Departament Sprawiedliwości może zażądać od Google wycofania swoich operacji wyszukiwania
Departament Sprawiedliwości USA (DOJ) rozważa znaczący ruch, który może zmusić Google do oddzielenia swojego działu wyszukiwania od głównej korporacji. Działanie to ma na celu zwiększenie konkurencji wśród wyszukiwarek internetowych, rozwiązując obawy dotyczące znacznego wpływu Google na sposób, w jaki użytkownicy uzyskują dostęp do informacji online.

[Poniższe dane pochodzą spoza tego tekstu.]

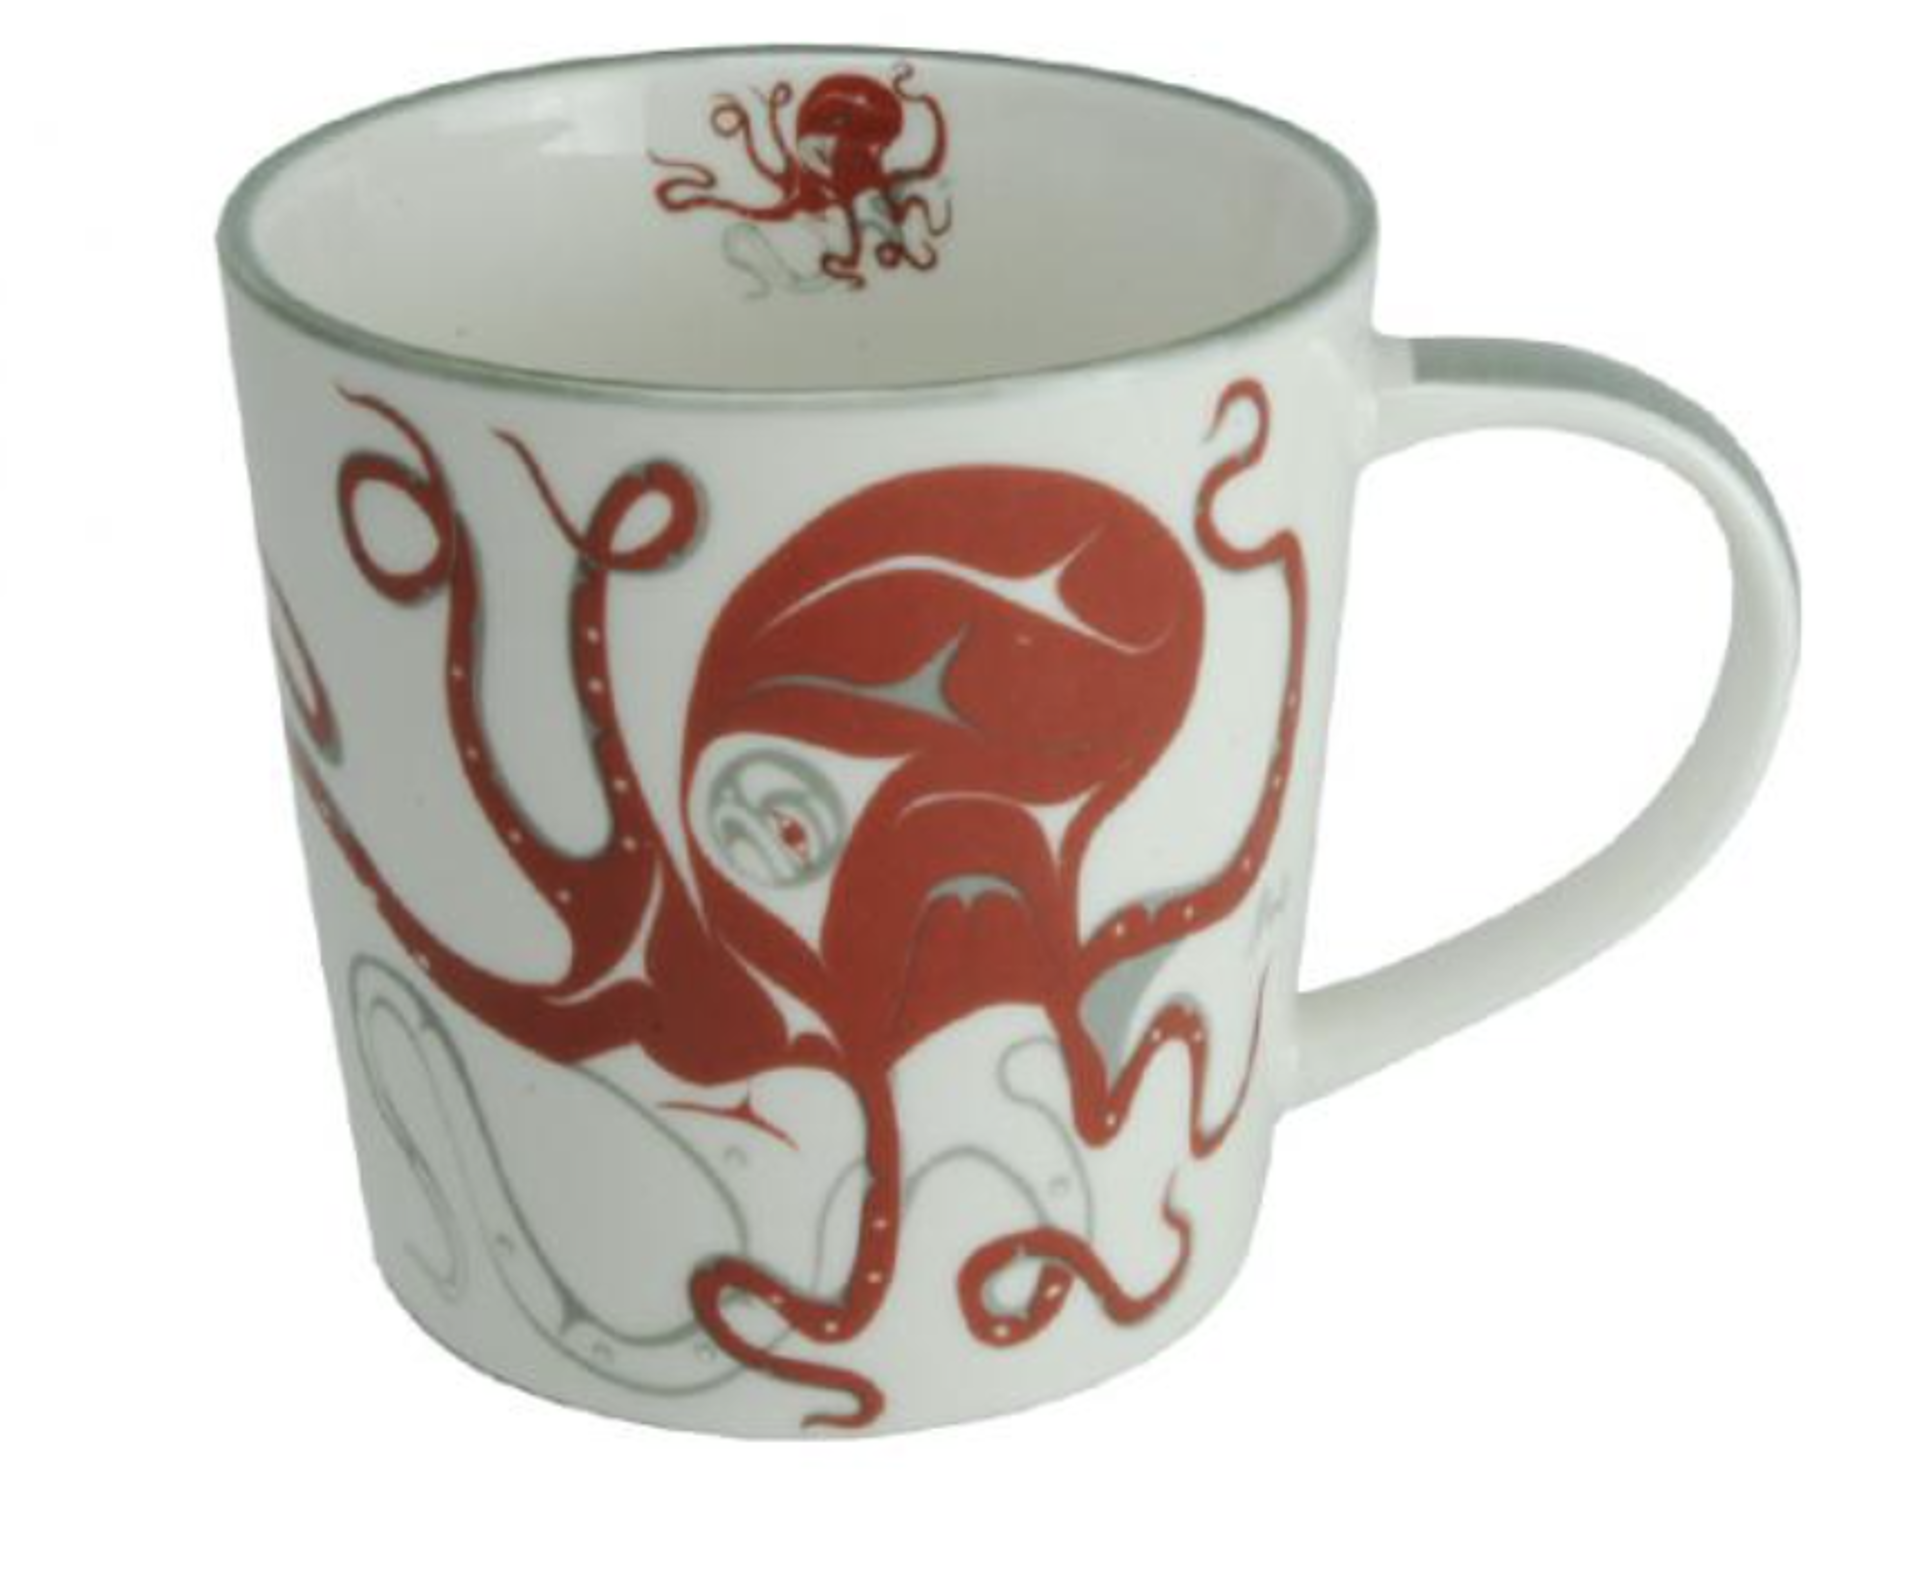 Octopus Ceramic Boxed Mug by Andrew Williams

Ta inicjatywa jest częścią szerszej debaty antymonopolowej skupionej na operacjach wyszukiwania Google. W orzeczeniu z sierpnia sąd federalny orzekł, że Google ustanowiło bezprawny monopol w zakresie możliwości wyszukiwania online. Ten werdykt zachęcił mniejszych konkurentów, takich jak Yelp i DuckDuckGo, do opowiadania się za znaczącymi reformami w praktykach operacyjnych Google.
Niektóre z tych mniejszych firm twierdzą, że przeglądarka Google Chrome znacząco przyczynia się do dominacji firmy w wyszukiwaniu, co skłania do wezwań do jej wydzielenia z głównej struktury. Inni opowiadają się za zakończeniem ustaleń finansowych Google z Apple, które obejmują znaczne płatności w celu zapewnienia, że Google będzie domyślną wyszukiwarką na urządzeniach Apple. Raporty sugerują, że Google zapłaciło Apple ponad 20 miliardów dolarów w zeszłym roku za to preferencyjne traktowanie.

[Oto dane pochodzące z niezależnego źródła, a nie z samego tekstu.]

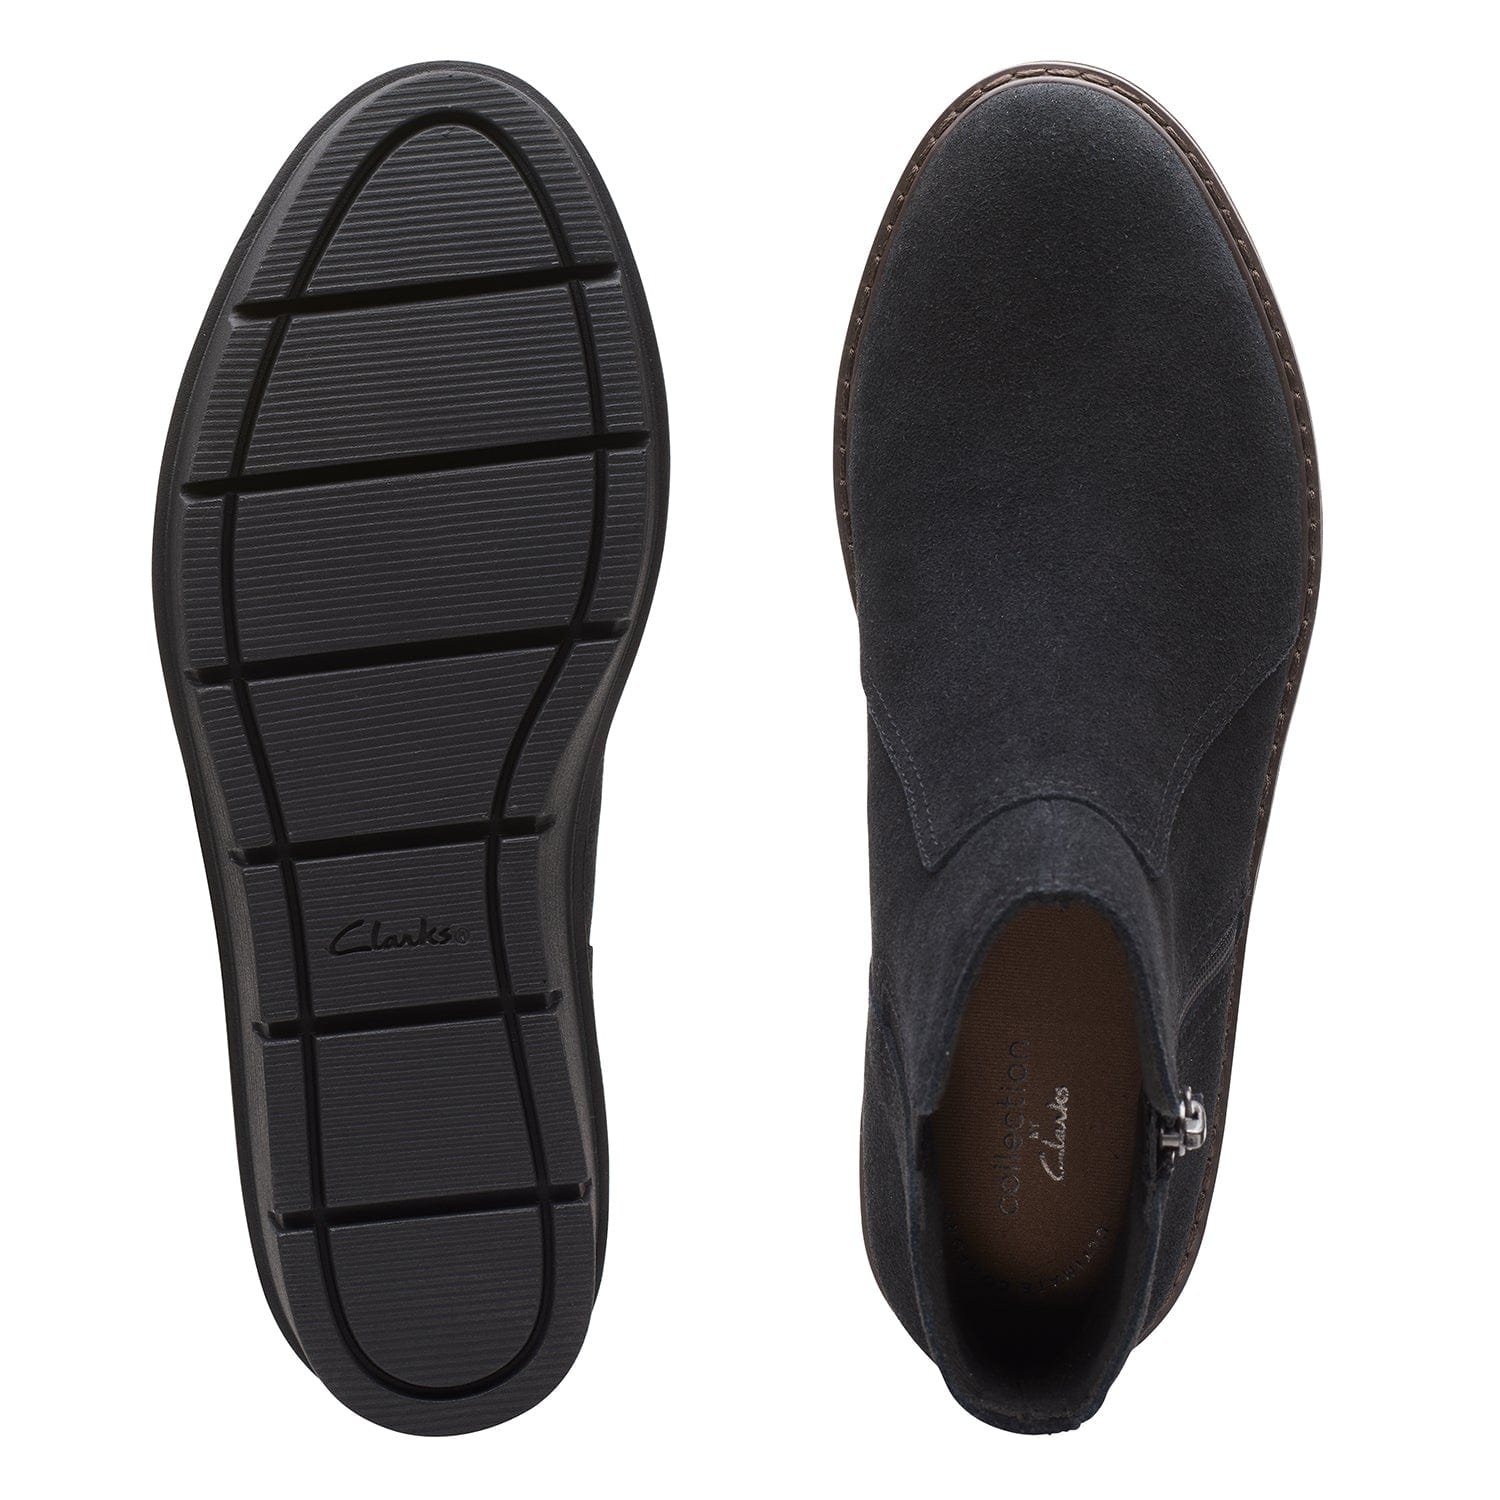 Clarks Airabell Zip Boots - Black Suede - 261633104 - D Width (Standard Fit)

Sędzia okręgowy USA Amit Mehta podkreślił, że Google obsługuje ponad 90% wyszukiwań internetowych w Stanach Zjednoczonych, co jest dominującą obecnością, która „dławi konkurencję”. Departament Sprawiedliwości twierdzi, że ta dominacja ogranicza wybór konsumentów i utrudnia innowacje. Uważają, że wspieranie konkurencji może prowadzić do większej liczby opcji i lepszych usług dla konsumentów.
Wraz z pojawieniem się narzędzi AI wielu użytkowników bada alternatywne wyszukiwarki, takie jak Perplexity. Dyskusje w mediach społecznościowych ujawniają, że niezadowolenie z wyników Google, szczególnie po uruchomieniu funkcji podsumowania AI, zmotywowało niektórych użytkowników do przejścia na inne platformy. Pojawiły się doniesienia o tym, że Google dostarcza mylące informacje, w tym niewłaściwe wskazówki dotyczące zdrowia.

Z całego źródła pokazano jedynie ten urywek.